I'm adept with Linux operating systems and bash-style command lines. It's not been my sole focus, but I've worked on and built a handful of Linux systems and use ZSH every day.

NixOS

A deterministic configuration based OS

Remarks

I've adopted NixOS as my primary operating system for my home PC. It's really nice to manage system config using config files and be able to revert.

Dislikes

The only downside I've found to using NixOS is that packages themselves aren't locked to flake inputs. And in order for NixOS-Stable to build it requires every package to either be listed as "broken" or to have a passing build. This process can be slow and often prevents the expedient rollout of necessary security updates.

Windows

Microsoft's operating system. It's not my choice for development or productivity, but it's great for gaming.

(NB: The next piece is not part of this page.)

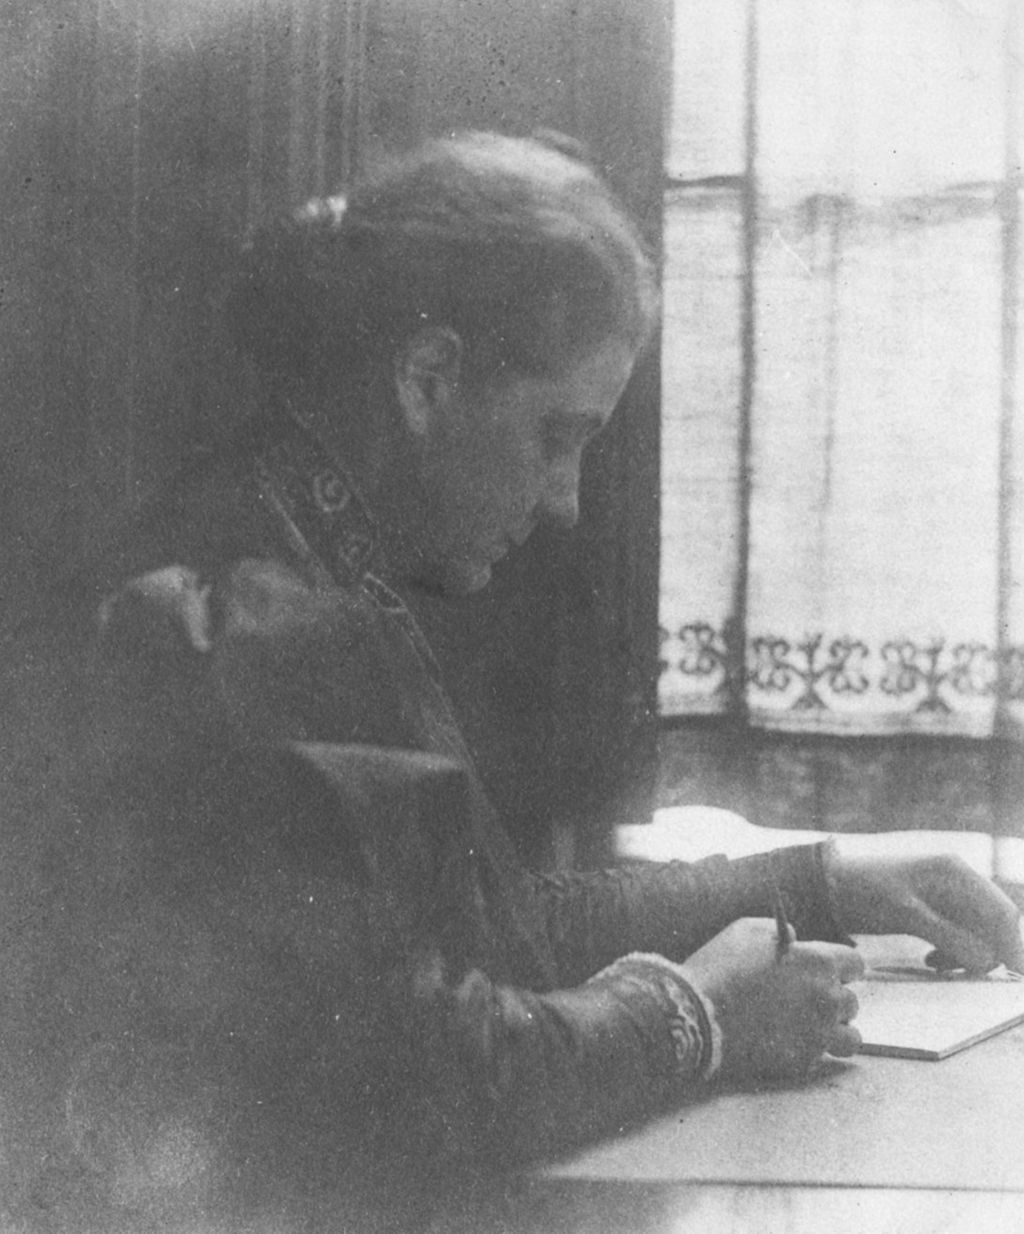 Miniature of Jane Addams writing

Principles and Architecture

SOLID Principles

A collection of principles for designing reusable code

Remarks

SOLID principles define ways to organize code, making it highly testable, maintainable, and easy to reason. Additionally, it's useful for many paradigms, though initially, it was chiefly for object-oriented programming and dependency injection in low-level languages.

Principles

  • Separation of Concerns – A class or service should not involve methods or effects unrelated to its core function.
  • Open-Closed Principle – A class or service should be open for extension but closed to modification
  • Liskov Substitution Principle – An instance of a class or service should completely satisfy, in itself, a dependency of the class or service it implements.
  • Interface Segregation Principle – The dependencies of a class or service should be as small as possible
  • Dependency Inversion Principle (Inversion of Control) – Consumers of a class or service can determine functionality by selecting particular providers.

Domain Driven Design

SOLID principles applied to event-driven systems and domain modeling

Remarks

An excellent book by Scott Wlaschin, 'Domain Modeling Made Functional,' illustrates the concept of a complex order-manufacturing system written in a domain/event-driven way. In this case, it's written for functional programming in F#.